# Pheasant Numbers Out West



## bretts (Feb 24, 2004)

I was in the Mott, Regent area this weekend hunting pheasants and you could defiently tell that the pheasant numbers were down quite a bit. I think that the Game and fish defiently had sufficient evidence ahead of time to predict that the numbers wouldn't be good. I thought that it would have been a good year to the lower the limits to 2 birds a piece. I don't know, just seemed like there was about 1 rooster to about every 15-20 hens. Just an idea?


----------



## Anas Strepera (Nov 10, 2004)

Lowering the limit to 2 roosters wouldn't have done anything. One rooster will breed a lot of hens. All it will take is one good year and the numbers will bounce back.


----------



## njsimonson (Sep 24, 2002)

1 rooster to 15-20 hens; that's really about all you need. A good reproduction can still occur next year if the ratio is around 1 rooster to every 10 hens. In fact, roosters are capable of fertilizing up to 20 hens before they're done mating (take that Viagra!)

I think with a decent winter, and a better spring and summer than last year, we'll see a good hatch and have good hunting for another year.

I did notice that the numbers across the board were down around my grandma's place. Of course, we hit that area pretty hard, and so do a lot of others in the Watford City region, but we did see tons of birds in the thick cattail sloughs which we couldn't managably walk. So there are still good numbers, I haven't seen a lot of juvies taken though, lots of adult birds. Which makes me think a) whatever juvies hatched were taken early, and b) there wasn't much of a hatch.


----------



## Remmi_&amp;_I (Dec 2, 2003)

njsimonson, do you know the zubke's?


----------



## njsimonson (Sep 24, 2002)

There's sooooo many of them


----------



## drjongy (Oct 13, 2003)

To have lower rooster numbers heading into winter is actually a good thing (not too low, of course), because there will be less competition with the hens for food. As stated above, one rooster can mate with many hens come spring.

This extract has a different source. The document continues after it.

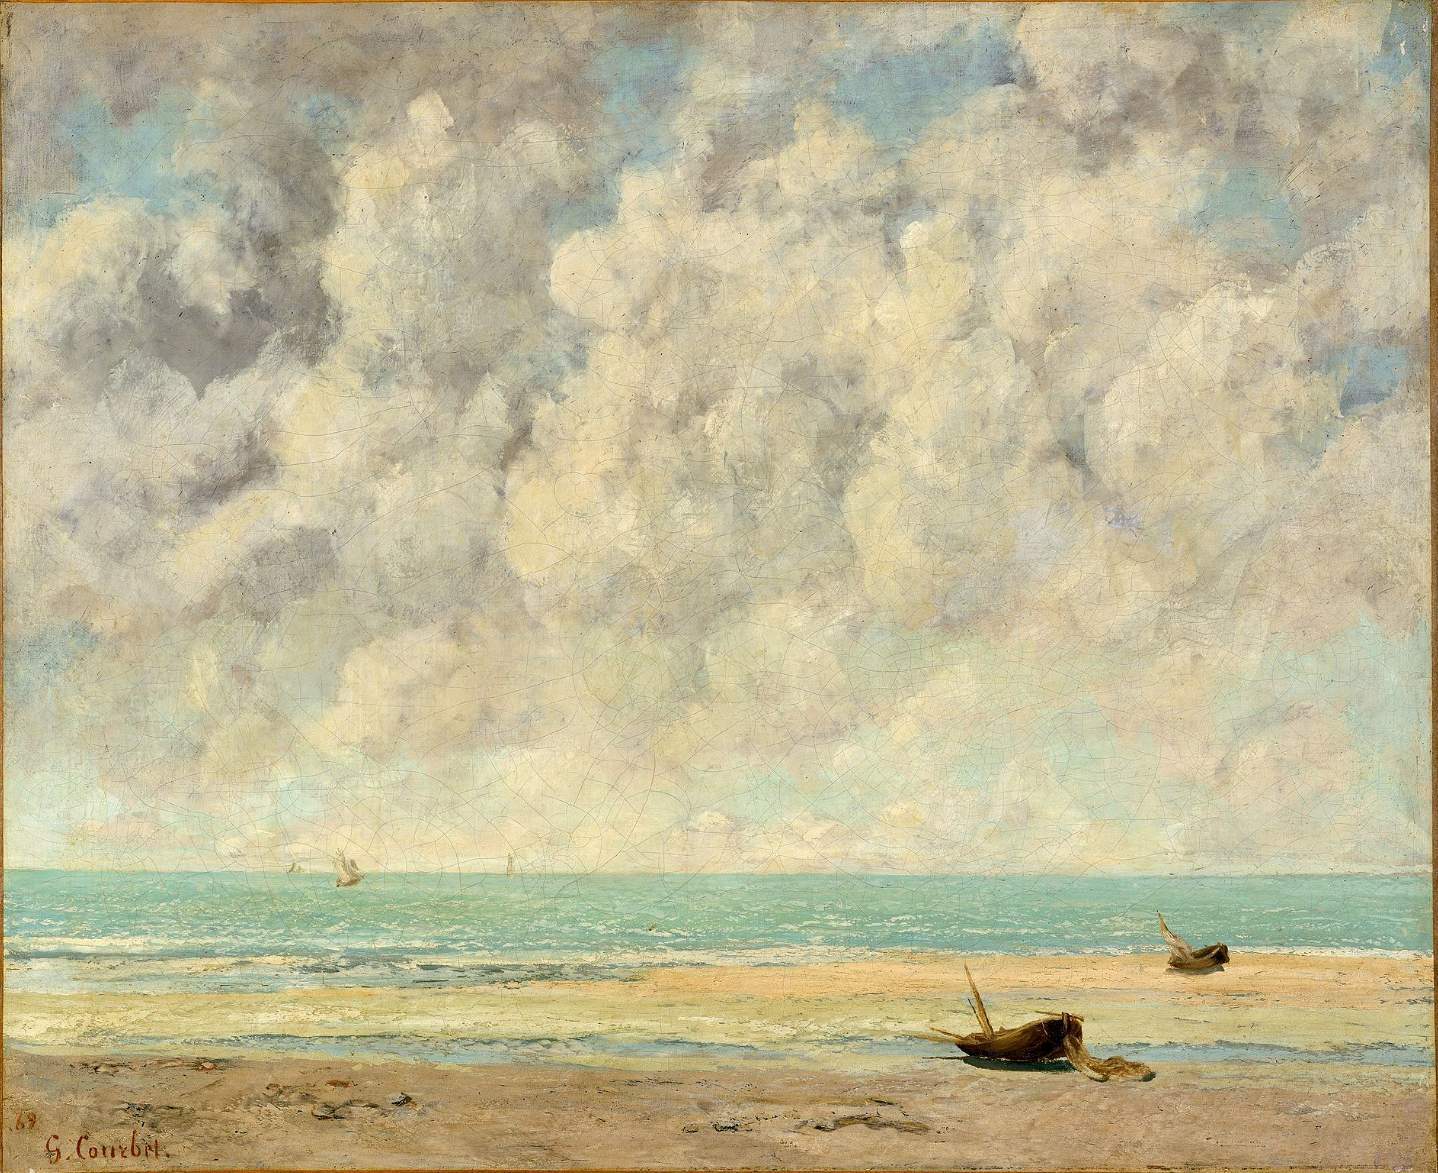 The Calm Sea, 1869, Jean Désiré Gustave Courbet

I've heard stats that the average ND rooster survival is only around 15% given environmental and hunting factors. Hen survival is around 50%, basically all environmental factors (winter) contributing to this stat. 15% for roosters sounds really low, however, does anyone know if this is correct?


----------



## KEN W (Feb 22, 2002)

From what I've heard...you cannot hunt the roosters down to less than 30 per 100 hens.The GNF says 1 rooster per 10 hens is sufficient.


----------



## DJRooster (Nov 4, 2002)

And if you have to work all day to find a rooster or two they call it hunting but I think that some people have spoiled by the experience called killing with all the birds in the SW part of North Dakota. I sleep a lot harder after a day of hunting vs. a day of killing. Nothing better than having to out fox and work for a bird or two. Plenty of birds in North Dakota for a 3 bird limit.


----------



## pheasantslayer (May 13, 2004)

I was just curious to ask you one question bretts. Were you hunting on private land or public land. It seems to me that when all the public land down there gets pounded like it always does, the roosters will move to private land due to less competition by hunters. I know what you mean by the hens though. It seems like when you hunt down there all the birds that you kick up are either mostly hens, or mostly roosters. Was out by that area 2 weeks ago and boy are the birds really grouping up, should definitely be a fun christmas break when i go back to the area.


----------



## bretts (Feb 24, 2004)

I was hunting mainly public land. Lots of plots. We hunted some private land but plots with good crp really held a lot of birds. We got our fair share of birds but defiently nothing like past years. One thing I did notice is the coyote population out there is defiently up. Saw coyotes all throughout the day. Defiently going out west again except this time with some calls and the 22-250.


----------